Background: Inflammatory bowel disease (IBD) care is beset with substantial practice variation. Learning health systems (LHSs) aim to learn from this variation and improve quality of care by sharing feedback and improvement strategies within the LHS. Obtaining accurate information on outcomes and quality of care is a priority for LHS, which often includes patients' self-reported data. While prior work has shown that patients can accurately report their diagnosis and surgical history, little is known about their ability to self-report recent healthcare utilization, medication use, and vaccination status. Methods: We compared patient self-reported data within the IBD Qorus LHS regarding recent IBD-related emergency department (ED) visits, hospitalizations, computerized tomography (CT) scans, corticosteroid use, opioid use, influenza vaccinations, and pneumococcal vaccinations with electronic health record (EHR) data.
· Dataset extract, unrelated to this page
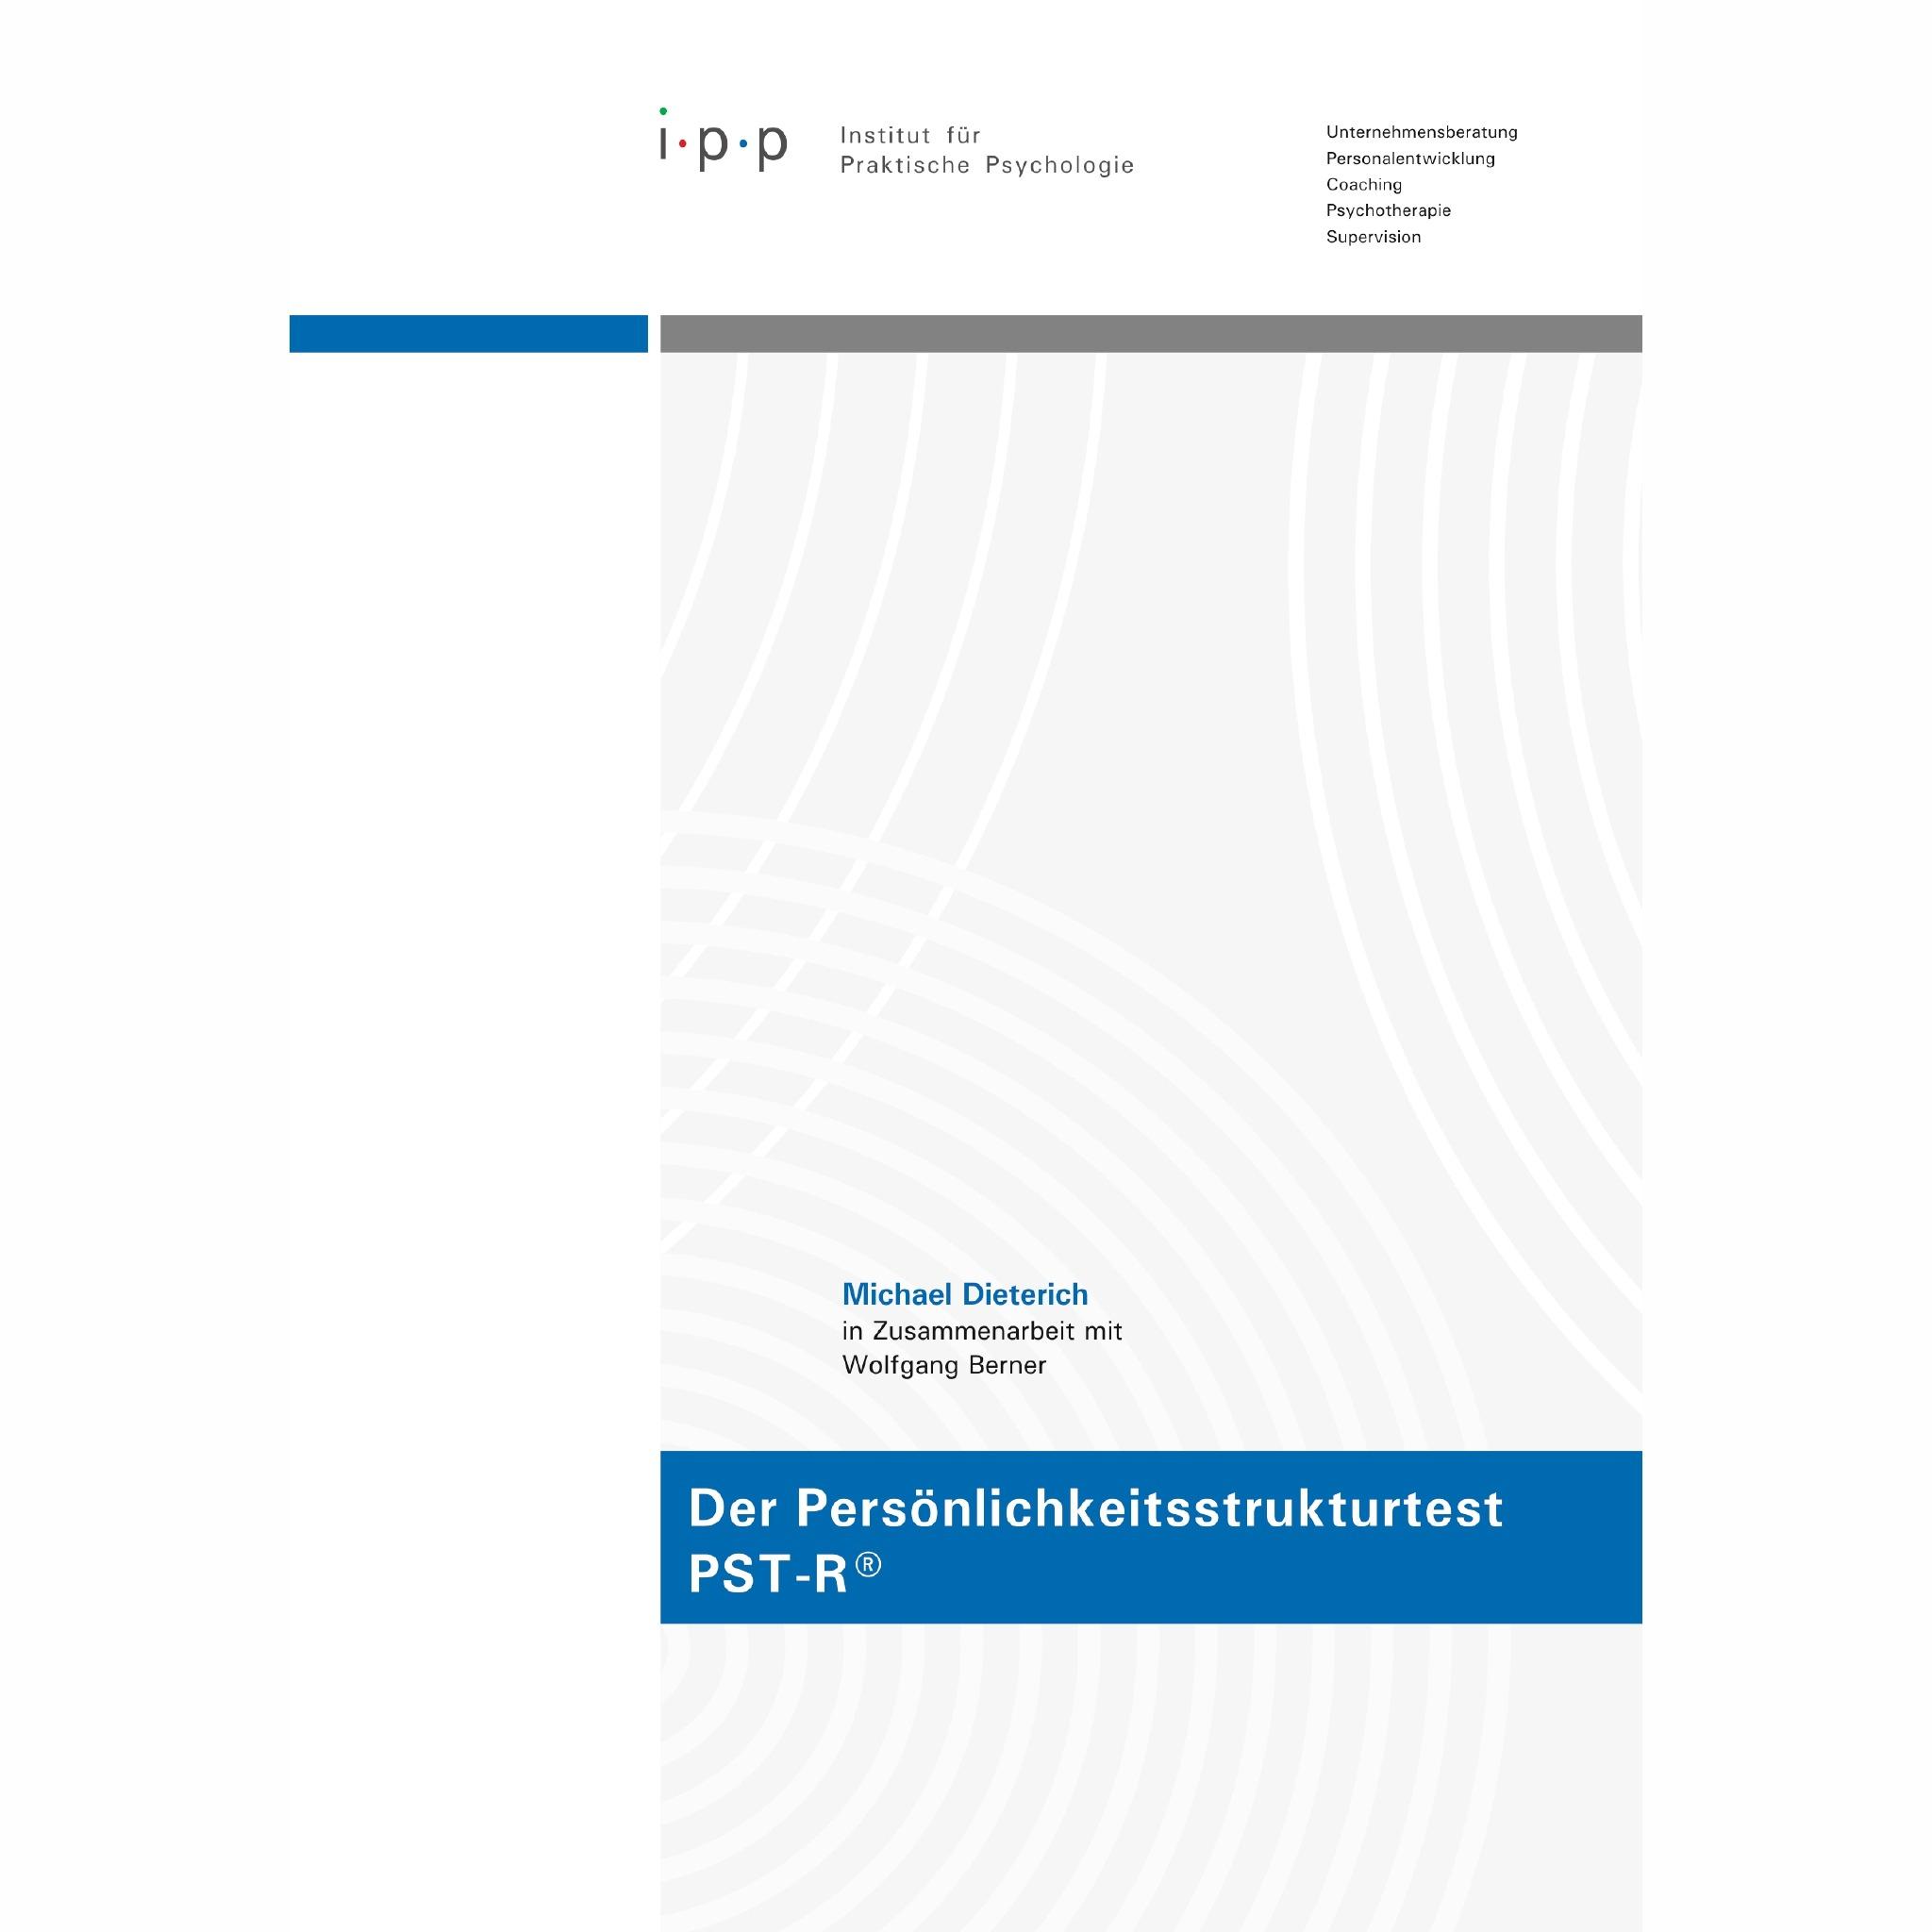 http://www.bts-ips.de/wp-content/uploads/Dieterich-PST-R-Handbuch.jpg

Results: We compared 328 patient self-reports to data extracted from the EHR. Sensitivity was moderate-to-high for ED visits, hospitalizations, and CT scans (76%, 87%, and 87%, respectively), sensitivity was lower for medication use with 71% sensitivity for corticosteroid use and only 50% sensitivity for self-reported use of opioids. Vaccinations were reported with high sensitivity, but overall agreement was low as many patients reported vaccinations that were not registered in the EHR. Conclusions: Self-reported IBD-related ED visits, hospitalizations, and CT scans are reported with high sensitivity and accuracy. Medication use, and in particular opioid use, is less reliably reported. Vaccination self-report is likely more accurate than EHR data as many vaccinations are not accurately registered.
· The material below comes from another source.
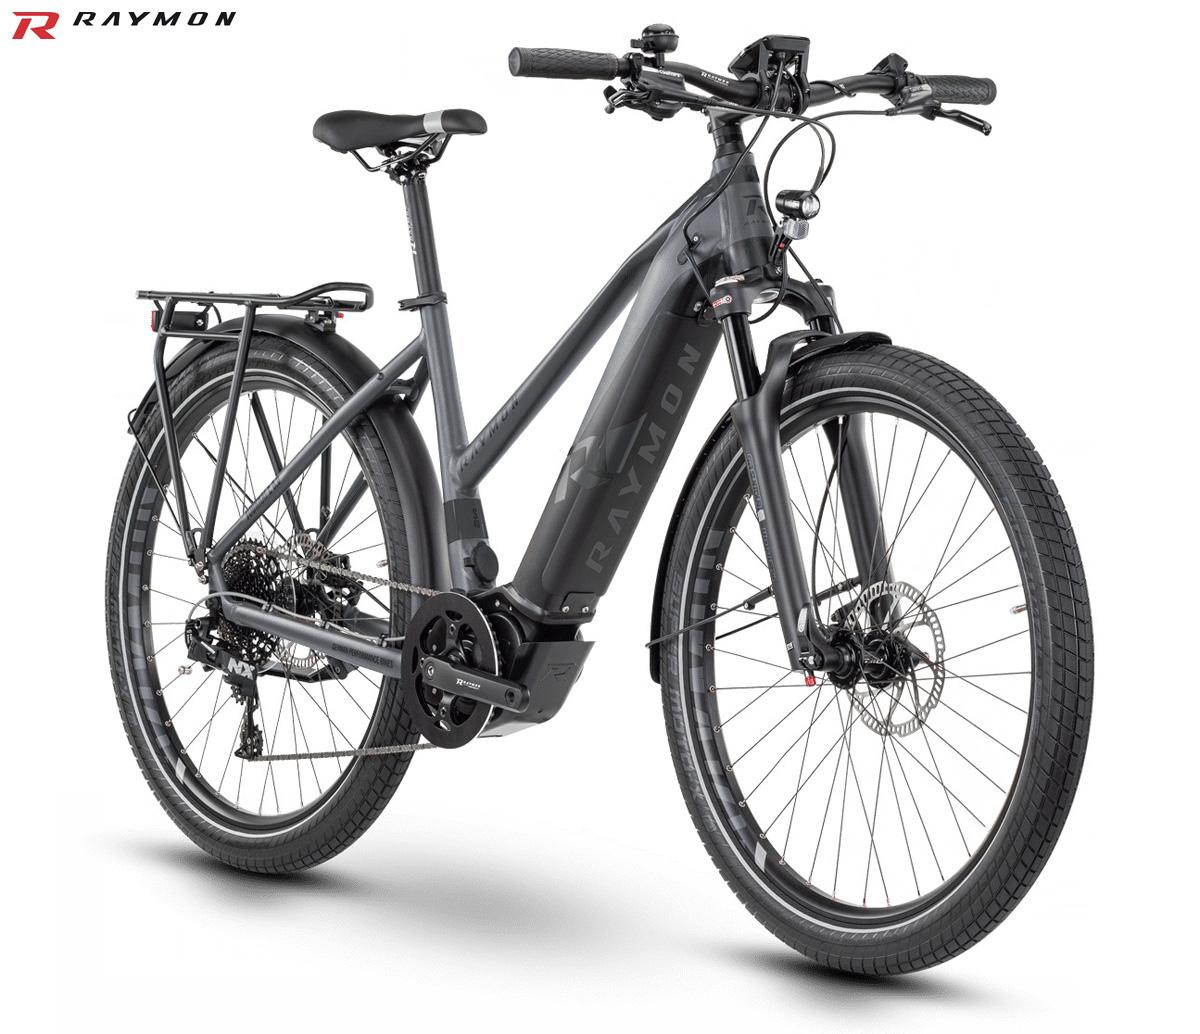 Una e-bike da trekking R Raymon TourRay E 8.0 con telaio da donna

Assessment of Gaps in Care and the Development of a Care Pathway for Anemia in Patients with Inflammatory Bowel Diseases.

BACKGROUND: Anemia is a common complication among patients with inflammatory bowel diseases (IBD) and is associated with high rates of IBD-related complications, resource utilization, and impaired quality of life. Despite practice guidelines for anemia in patients with IBD, gaps remain in the perceptions of anemia among health care providers. The aims of this study were to identify gaps in care and to develop a care pathway for anemia in patients with IBD. METHODS: The Crohn's & Colitis Foundation of America anemia care pathway was developed by a committee using principles of cognitive task analysis. Focus groups of providers of patients with IBD were performed to identify domains of perceptions and management decisions for anemia and IBD. Knowledge elicitation from subject experts in anemia was conducted using case-based scenarios of patients with IBD and anemia to determine decision-making branch points. The care pathway was modified in an iterative fashion to encompass clinical presentations of anemia in IBD and potential barriers to the recognition, management, and follow-up of anemia. RESULTS: Variations were observed in how providers define iron deficiency, thresholds for treatment of anemia, and route of iron therapy. A care pathway for anemia incorporating the World Health Organization definition of anemia, universal hemoglobin and ferritin screening, evaluation of iron stores using ferritin and transferrin saturation, management of anemia based on adequacy of iron stores, and follow-up was developed. CONCLUSIONS: The authors identified domains of how providers perceive and manage patients with IBD and anemia, and developed a care pathway to align clinical practices with guideline recommendations.